I was looking at the accomplishments of Mary Shelley, and saw that she wrote several volumes after her husband, Percy Shelley, died.  One was entitled, “The Fortunes of Perkin Warbeck.”  I saw that and thought to myself, “Where have I heard that name before - like a friend that you met 10 years ago, knew well for several days, and then never heard of again after that.    Then it hit me - PERKIN WARBECK! - the imposter!!!

You see, in grad school, I was assigned to do presentation for my class about Perkin Warbeck - a pretender to the throne of England.

I got the idea of doing a computer animation about imposters with Final Cut Pro, Logic, and Motion called “The Top 10 Imposters of All Time,” and ended with a section on Perkin Warbeck.  I worked for hours on it, and was really proud of it.

For the major part of our grades, we were to grade each other.  And i thought that would be really simple - look for the best parts in everyone’s presentation, and give them a good grade based on that.  Look for the best in other people.

The next week, the professor gave use back the comments, and said “Everyone gave excellent comments, except for one of you.”  And at that, he stared straight at me, and it was clear who he was talking about.  You have no business saying good things about those in your class. The people in this class are not your colleagues - they are your competitors and your enemies.  So get used to it if you ever want to succeed in academia.

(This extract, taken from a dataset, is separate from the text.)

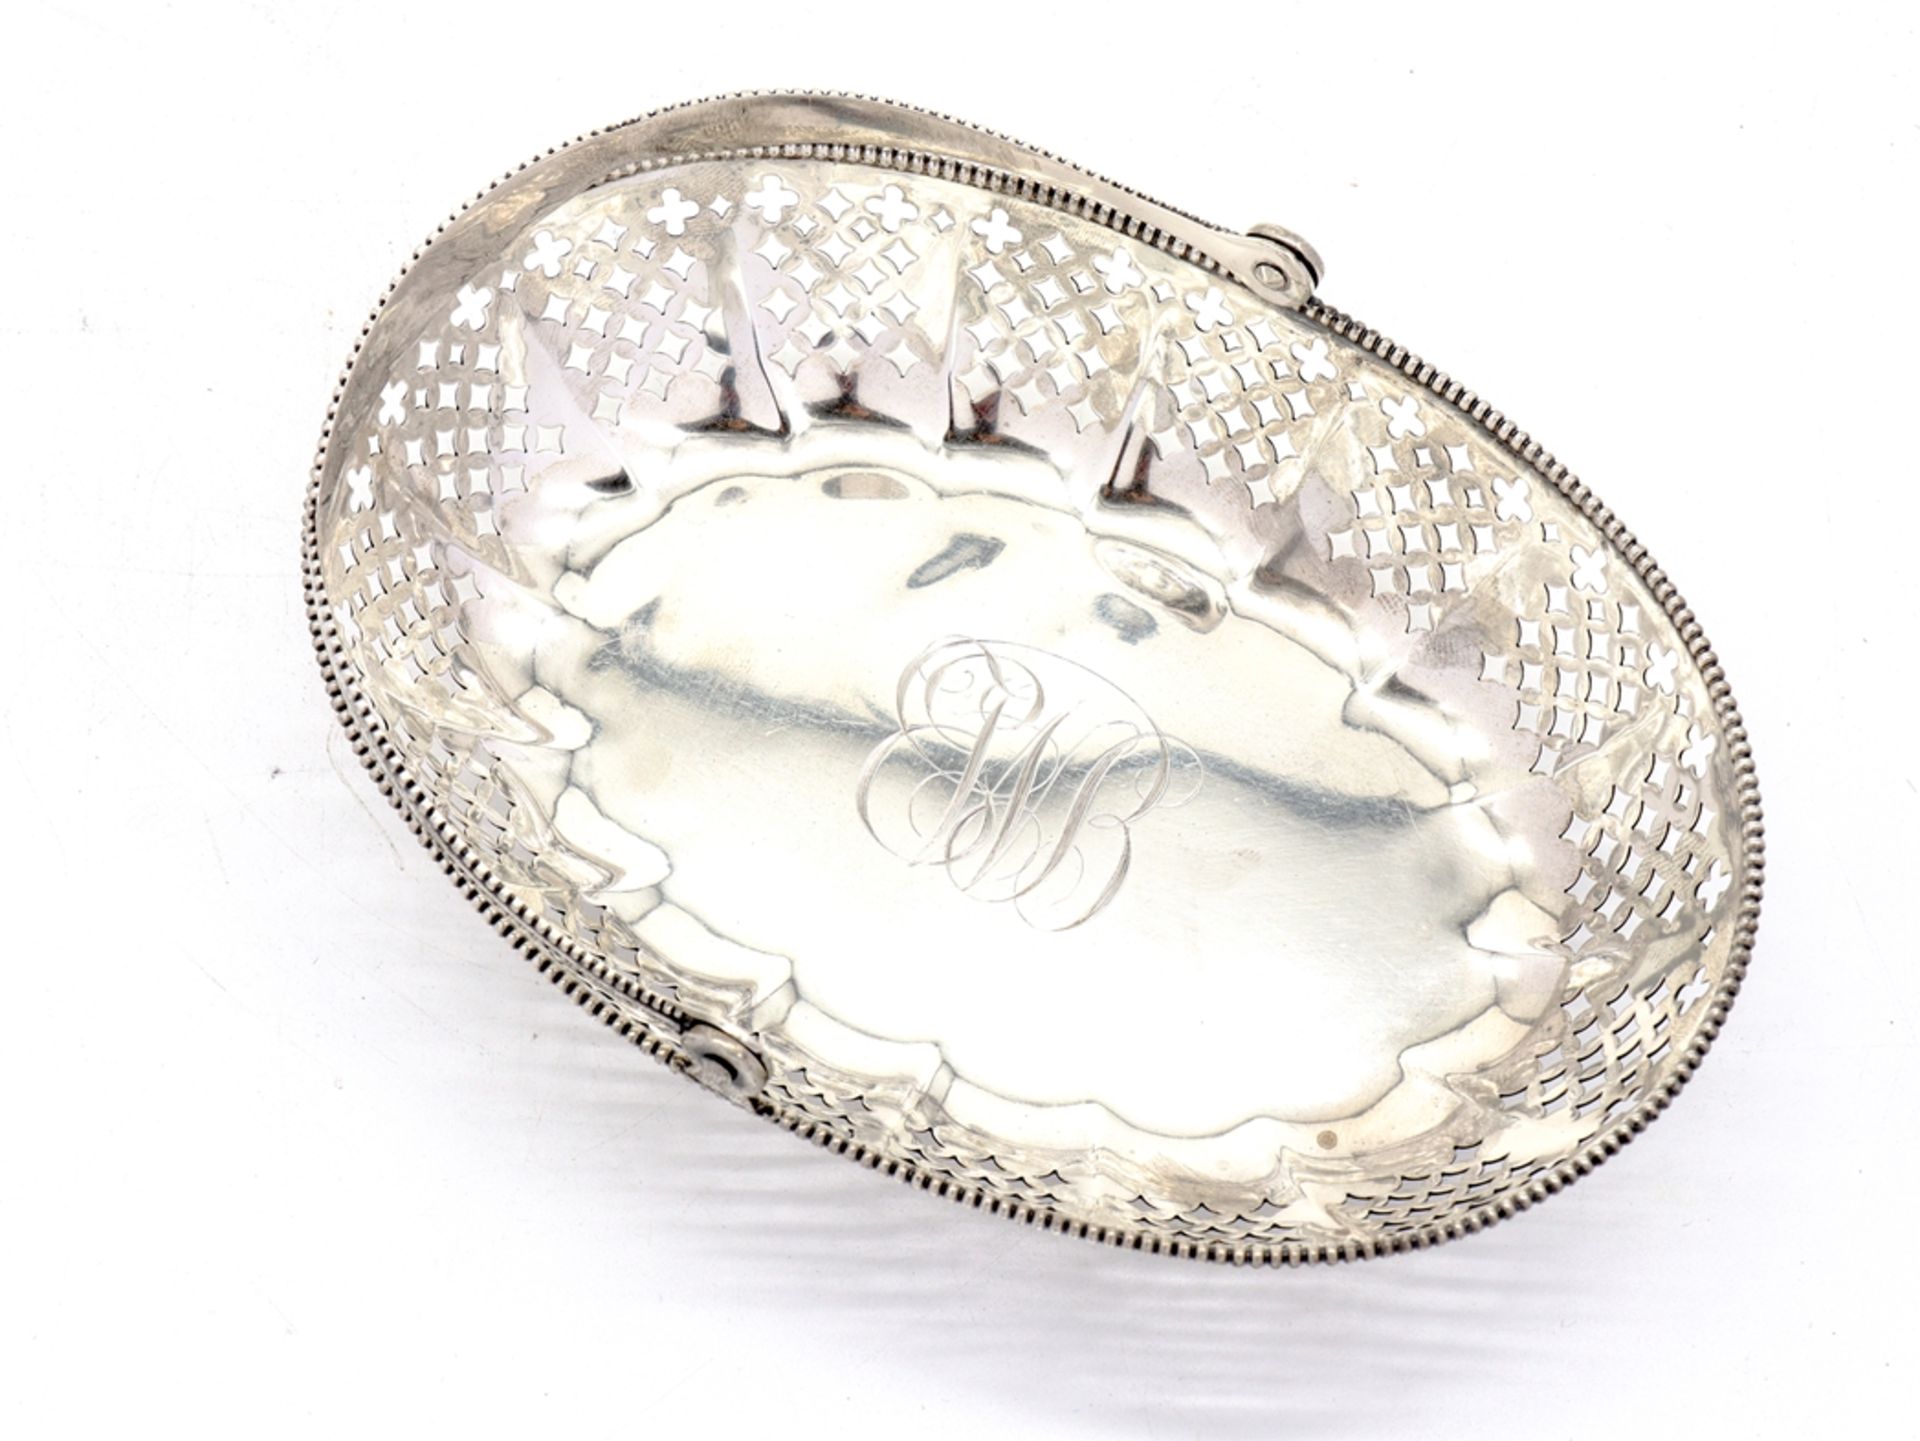 Handle basket, 925 sterling silver, dated 1899 - Image 4 of 7

So I still have bad memories associated with Perkin Warbeck - or least with that assignment.  Maybe I was trying to repress them.  I just don’t have that dog-eat-dog instinct to ruthlessly get ahead at all costs.

But I digress …

Mary Shelley’s novel, “The Fortunes of Perkin Warbeck,” is slightly different from the historical accounts of Perkin Warbeck, but I wanted to emphasize the historical story of Perkin Warbeck for this podcast.  

Later Celebrate Poe will deal with the tradition of the imposter or the person who claims to be someone different that he or she is because, along with horror and mystery stories, Poe delighted in portraying events that weren’t true - or might even be considered a scam.   For example, in 1844, Poe published a story about a three-day trip across the Atlantic Ocean in a gas balloon.  It was later revealed as a complete hoax, and the story was retracted.  And this wasn’t the only time Poe presented a hoax as a true story.

04:14 Historical account of Warbeck

But back to Perkin Warbeck - who WAS a real person - but there the truth becomes murky.  

Probably the most reliable information we have about him was obtained as a result of questionable means just before his execution - but the information he gave regarding his family does match up with his family records, and is probably reliable.  Besides, why would you lie in a confession before execution?  There is always the distinct possibility that Perkin Warbeck wasn’t his real name, but I am going to call him Perkin Warbeck for simplicities sake.  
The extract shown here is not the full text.